— Он сказал, что мне придётся дожить с таким лицом до конца жизни, что быть самым уродливым человеком на земле — моё предназначение. Он предлагал мне небесные сокровища и бесконечные табуны Весны, которые придут за зимними табунами, но я сказал, что всё это не вернёт мне потерянного глаза. Тогда Великий сказал, что взамен моих мучений даёт мне славу — чтобы меня почитали в родном аиле, как самого первого из степняков. Чтобы песни обо мне гремели сквозь годы и сквозь расстояния, в самых дальних странах. Про тебя, мой верный друг, он скажет тоже, как про первого песняра, который разнесёт славу обо мне по всей степи. Если, конечно, не погибнет, сломав крылья о скалы.
Когда Наран замолчал, на маленький лагерь опустилась темнота.
— Я…э… — выдохнул Урувай. — Откуда ты всё это знаешь?
Наран упрямо выставил подбородок.
— Ты дописал свою сказку. Теперь время отправиться домой, чтобы рассказывать её нашим дорогим соплеменникам. А я вернусь через год после тебя, тут уж будь уверен. Если, конечно, батю Анхара не дёрнет какая-нибудь вожжа потащить племя туда, куда не долетают даже стаи перелётных уток.
— Но ведь это же неправда, — Урувай чуть не плакал. — Такой финал никуда не годится. Это же неправда!
— Если ты пойдёшь со мной дальше, то испортишь всю сказку. Только подумай! Кто тогда будет нести славу обо мне на струнах морин-хуура? Я буду плакать о тебе. Буду думать: как же я скажу деду, что его внук сгинул в горах из-заменя?..
Урувай сказал неохотно:
— Есть две истории, над которыми рыдают все, кто их слушал. «Мальчик и лодка, которая плыла по Айнуру с востока на север», и «Кукушкино гнездо». Так рыдают, что в конце теряют сознание от обезвоживания. Я, правда, на очень-то их люблю. Во многих аилах сказителям запрещено их рассказывать под страхом смерти. А у нас можно только в сезон дождей, или тогда, когда рядом есть водоём, чтобы напитать ослабшие тела. И всё равно, я люблю больше весёлые. Но если понадобится сделать нашу сказку грустной — так тому и быть. Я пойду с тобой, если понадобится, до самой верхушки самой высокой горы.

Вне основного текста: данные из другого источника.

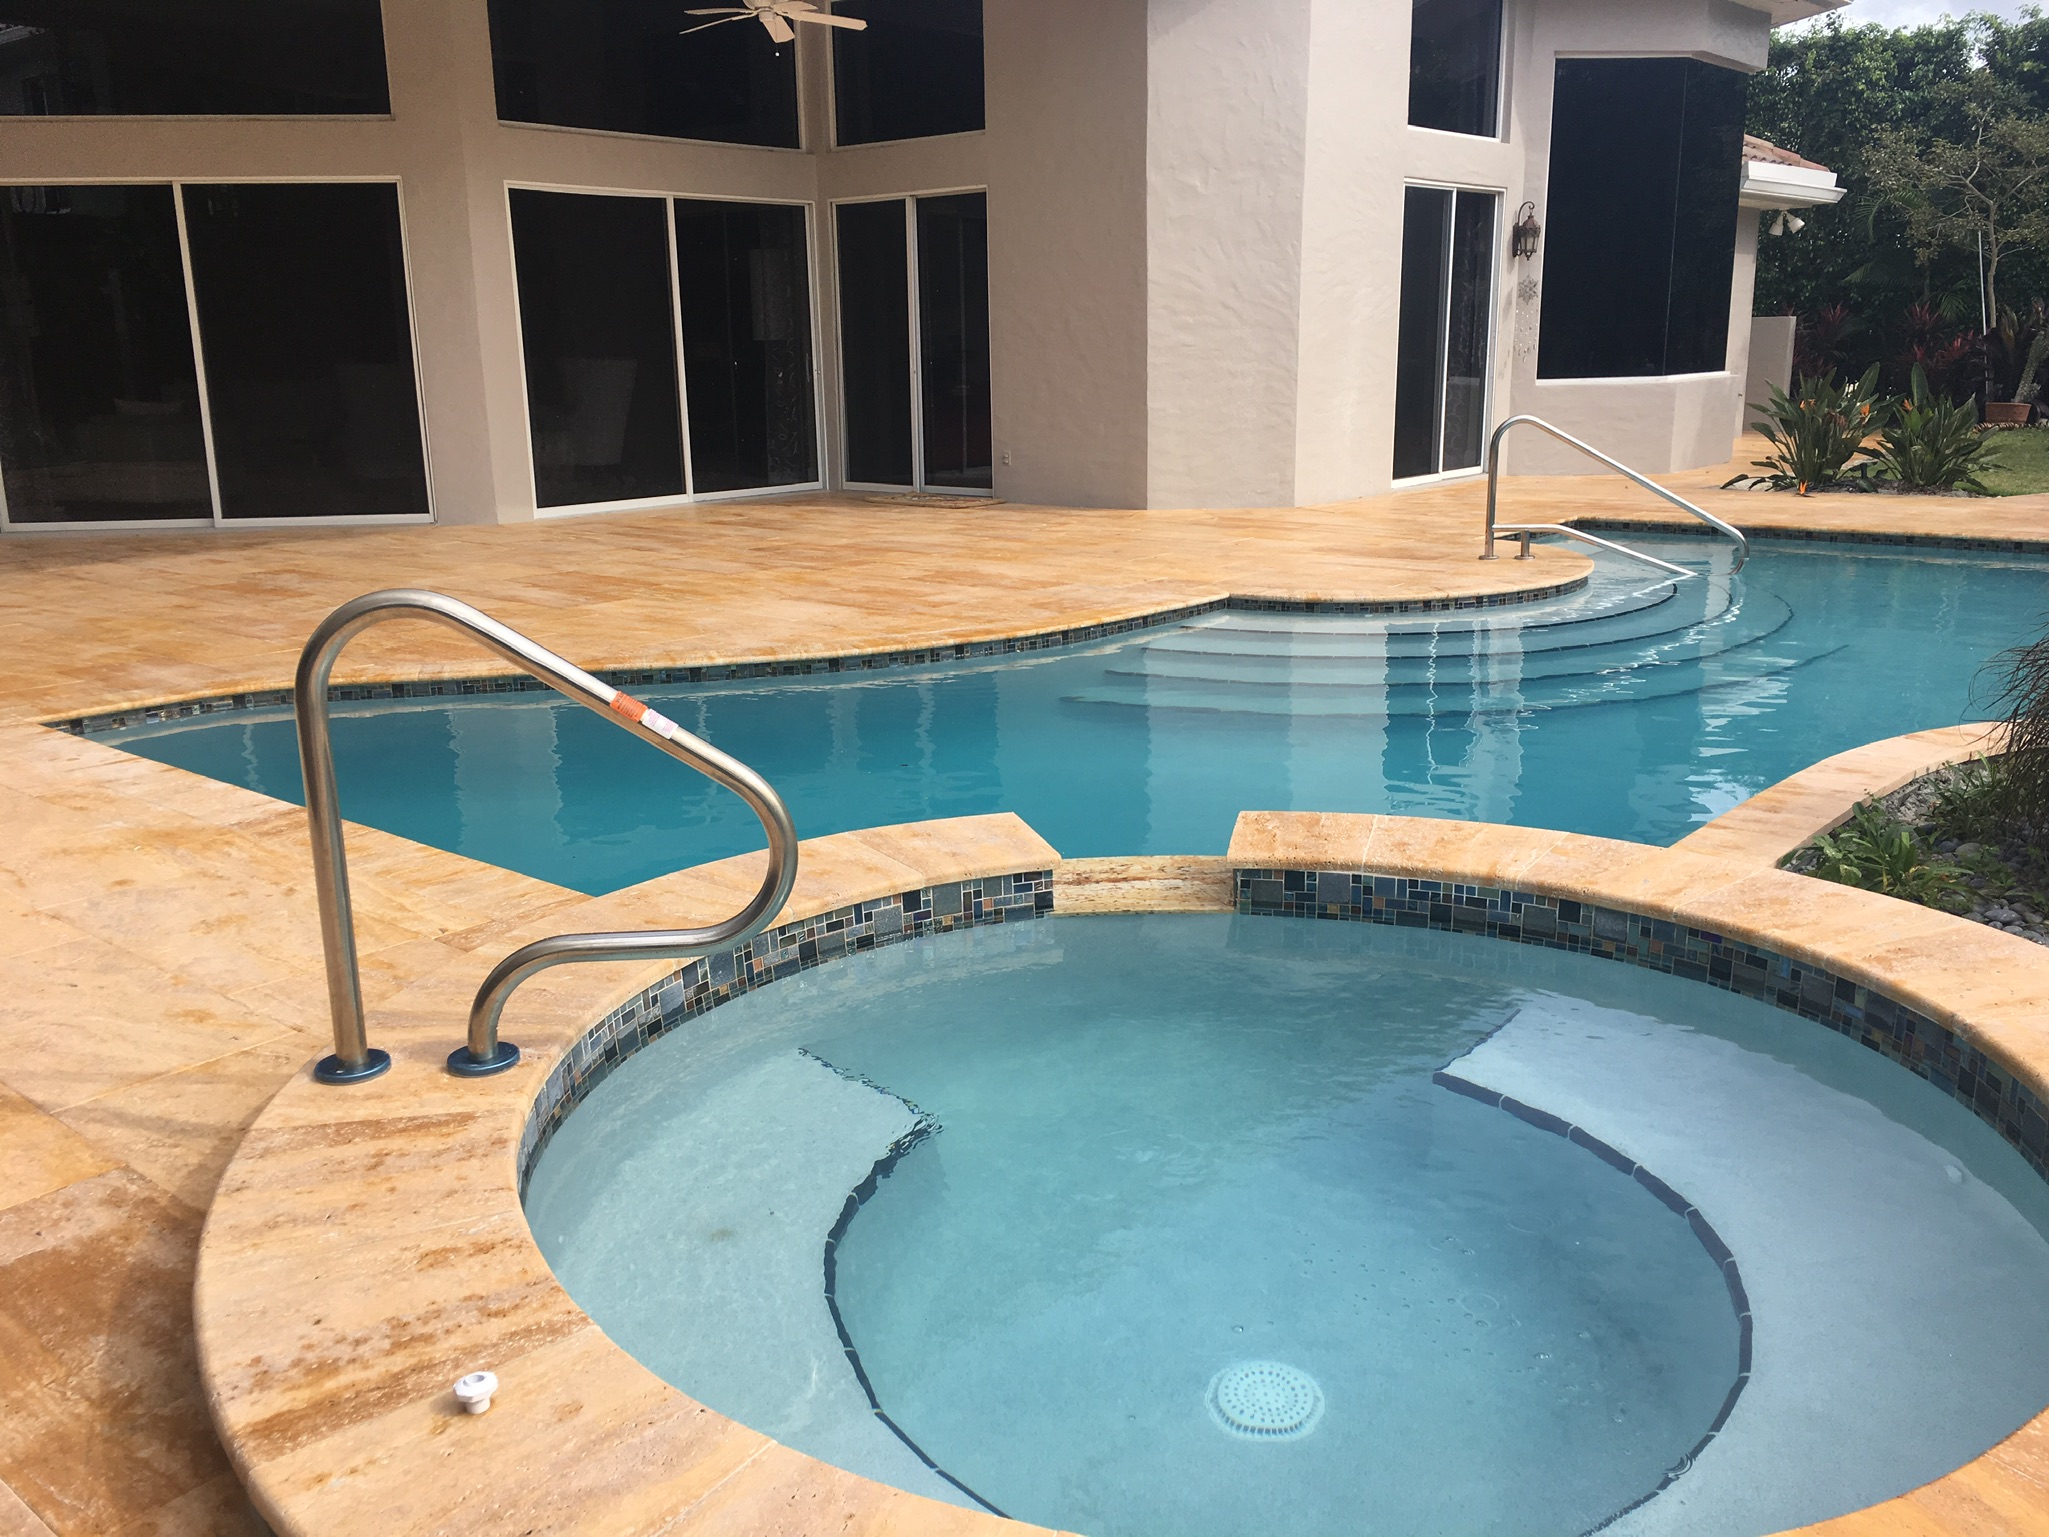 boca raton pool and patio renovation final with spa

Наран замахал руками, пытаясь согнать обречённость с лица Урувая.
— Послушай! Я просто боюсь, что ты погибнешь. Что я буду делать тогда, зная, что топот копыт моего единственного друга больше не прогремит по степям, а рога его больше не станут сбивать в полёте жуков и взлетающих малиновок?
Урувай надулся, стал походить на огромного младенца, настолько жадного до воздуха, что воздух этот, однажды оказавшийся в его лёгких, уже их не покидал. Наран терпеливо ждал.
— Всё равно это неправда, — наконец разомкнул уста толстяк. — Я не могу петь сказки, которые не основаны на реальных событиях.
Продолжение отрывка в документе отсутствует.